Это были последние слова Ай-Арыг.
Алтын-Кеёк схватила на руки малютку и выбежала из белого дворца. И тут же, широко распахнув дверь, в жилище старого богатыря ворвались воины злобного Юзут-Хана. Они яростно набросились на ослабевшую Ай-Арыг и зарубили ее.
А на голой вершине Кирим-тасхыла вел свой последний бой Албыган. Иссеченный саблями, исколотый пиками, старый алып ничего не ведал о горькой судьбе своей несчастной жены и осиротевших дочерей. Он прощался с жизнью, и мысли его, словно стая белокрылых птиц, неслись туда, в долину Хан-Харасуга, где некогда царили покой и счастье.
— Прощай, любезная сердцу моему земля предков… — шептал Албыган. — Я умираю один, преданный неразумным Хулатаем, вдали от верной жены Ай-Арыг и сладкоречивой Алтын-Кеёк.
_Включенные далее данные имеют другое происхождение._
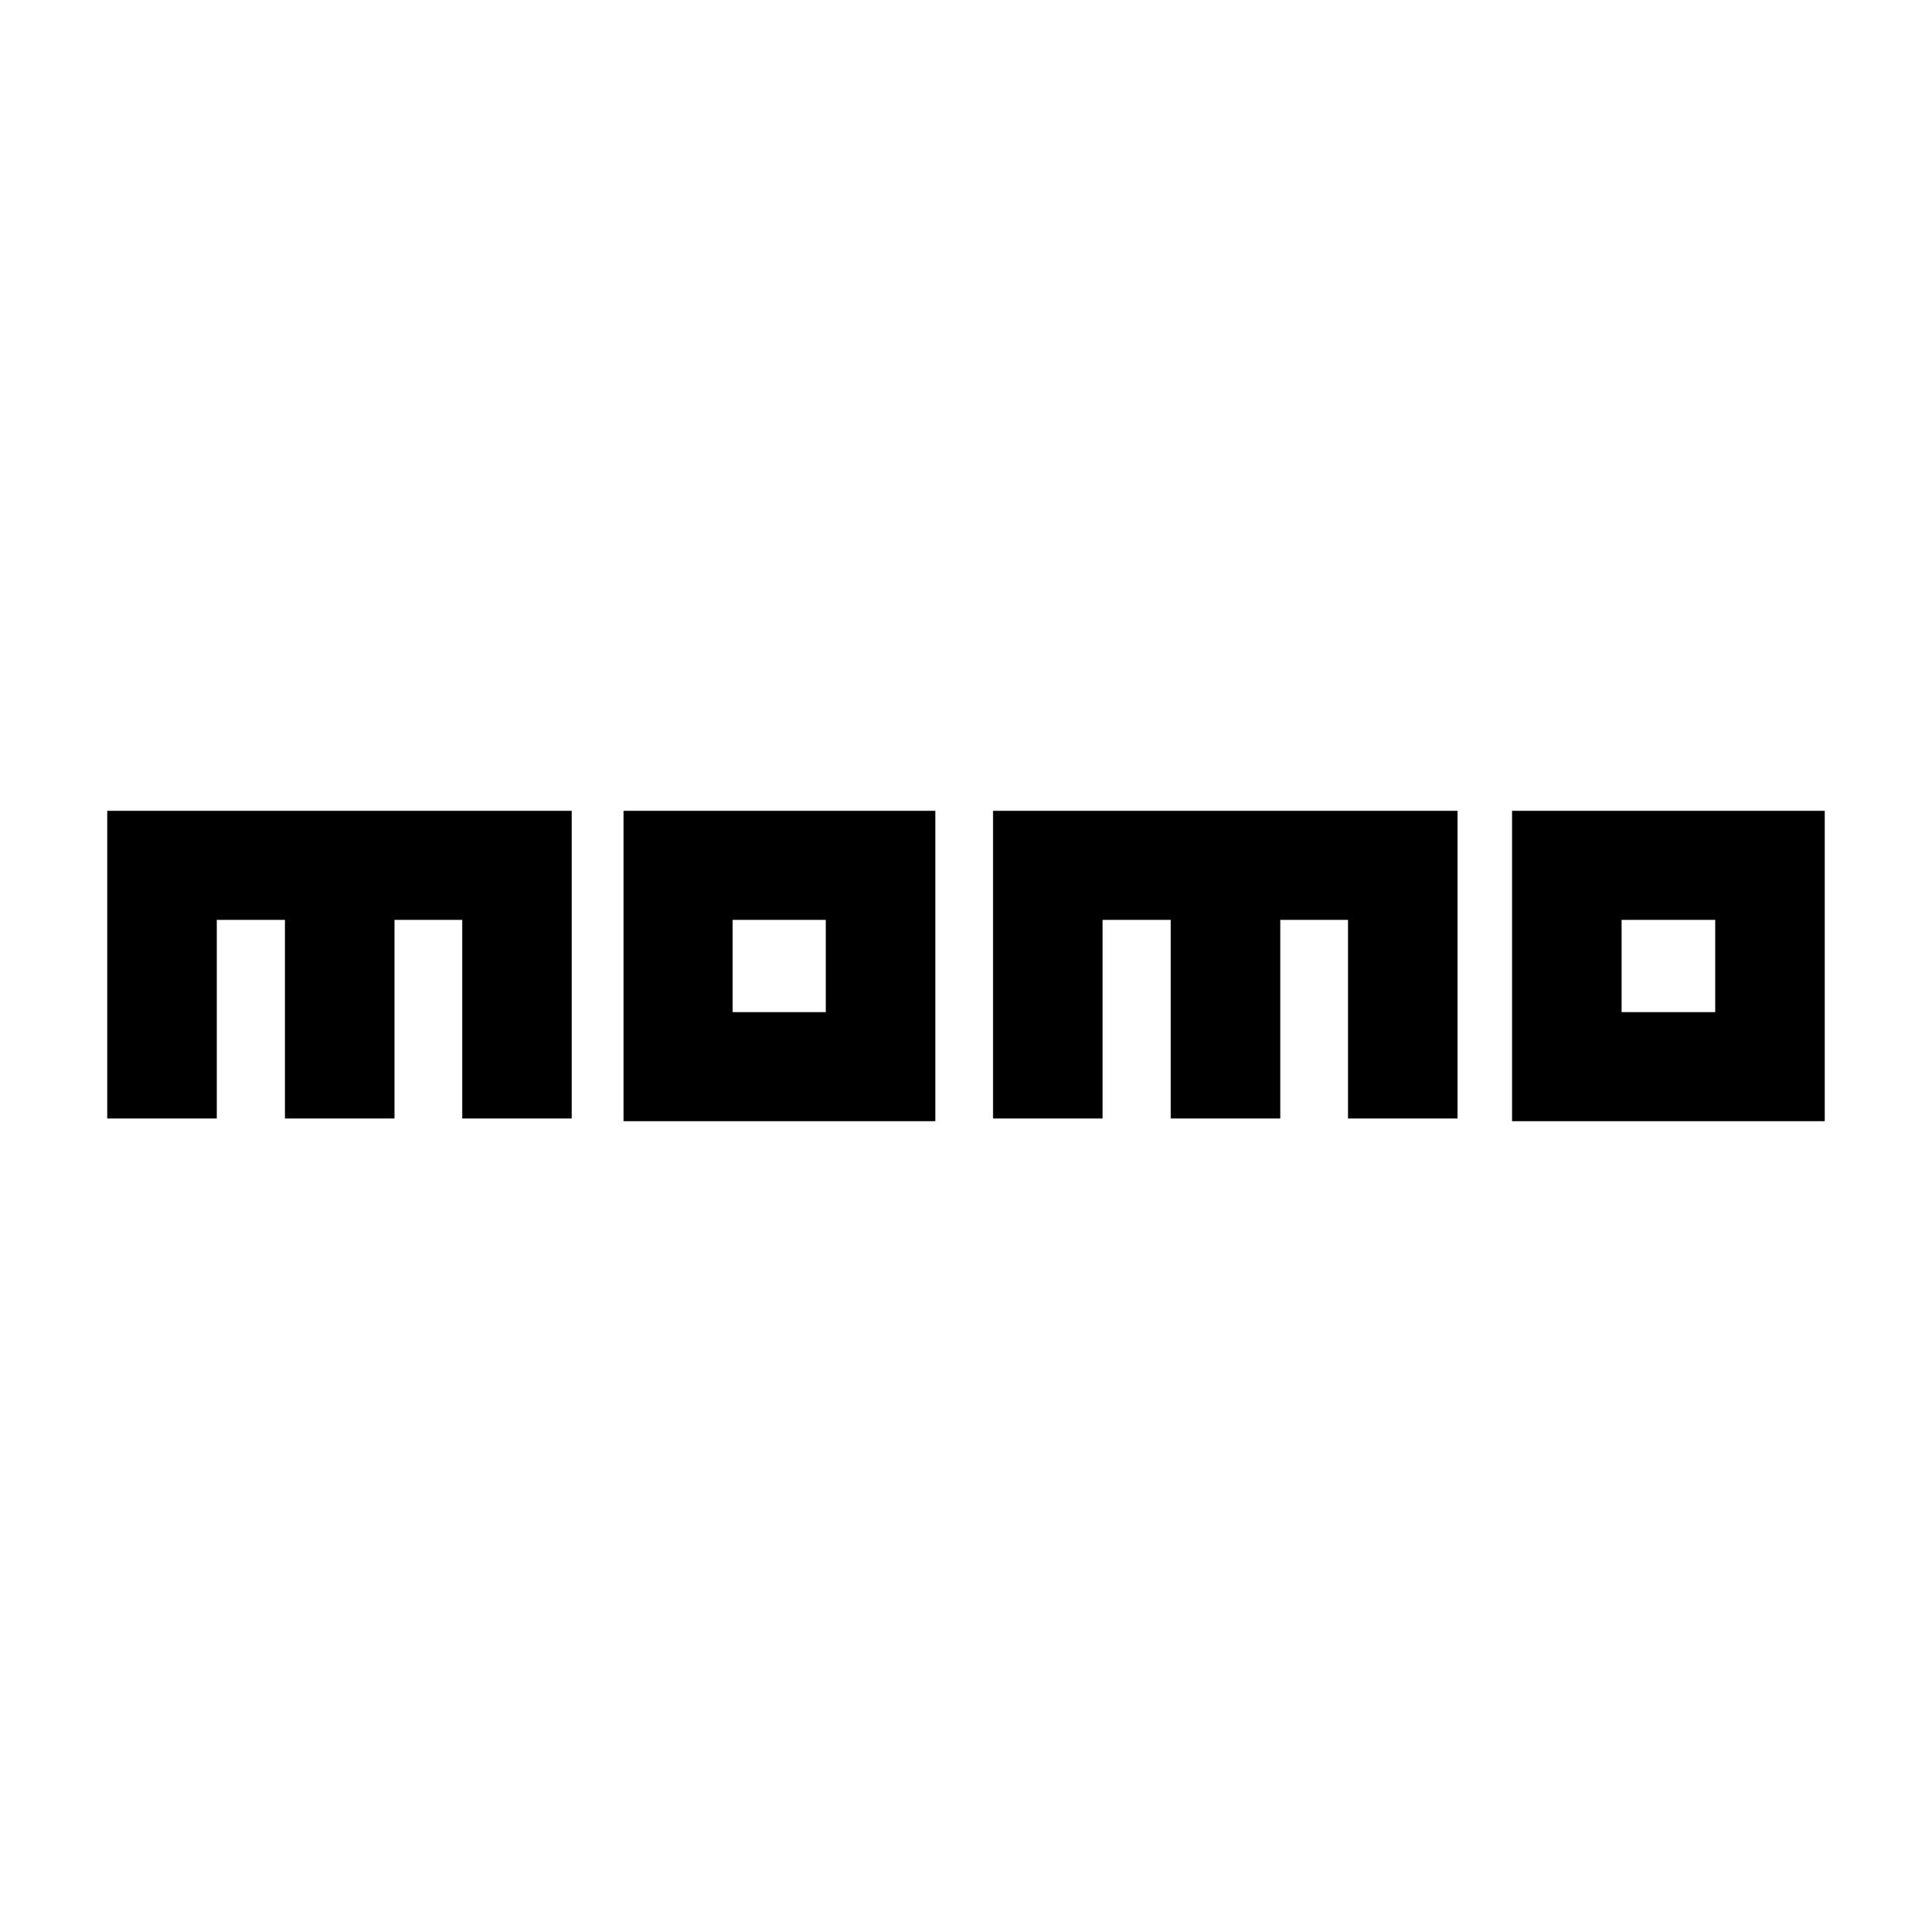 sticker momo ref 1 tuning audio sonorisation car auto moto camion competition deco rallye autocollant

Кто утешит их в беде, кто разделит с ними радость и горе?..
Так и не узнал старый Албыган в свой смертный час, что изрубленное тело Ай-Арыг выброшено из разграбленного белого дворца, что любимая дочь его Алтын-Кеёк с малюткой сестрой нашла приют в травяном шалаше, скрытом от злобных вражеских глаз вечнозеленой таежной чащобой, раскинувшейся по берегам чистоструйного Хан-Харасуга.
…Не по дням, а по часам растет младшая дочь Албыгана — прекрасная Чарых-Кеёк. Беспечно играет она на берегу ласково журчащей речки, и странны, непонятны ей горестные слова Алтын-Кеёк:
— Страшная беда пришла на землю наших отцов и дедов. Из последних сил дерется богатырь Албыган на вершине Кирим-тасхыла, а наша мать, любимая Ай-Арыг, умывшись слезами и кровью, навечно обнялась с холодной землей. Что мы будем делать с тобой, малютка Чарых-Кеёк? Кто даст нам ночлег и пищу? Кто одарит ласковым словом и не оставит в беде? Непослушный брат наш Хулатай превратился в каменную глыбу, которую сечет холодный ливень и обдувает жестокий ветер. Нет теперь у нас ни близких, ни родных! Серокрылой кукушкой взовьюсь я в небо и полечу в чужедальние края, где ярко светит солнце и не бывает стужи, где не падают листья и не вянет трава, где мирно пасется не знающий числа скот и звучит веселая песня семиструнного чатхана. А ты жди меня, малютка Чарых-Кеёк. Шалаш укроет тебя от недобрых глаз, своей голубой водой ласковый Хан-Харасуг напоит тебя, рыбой, которую он щедро выбросит на берег, ты утолишь свой голод…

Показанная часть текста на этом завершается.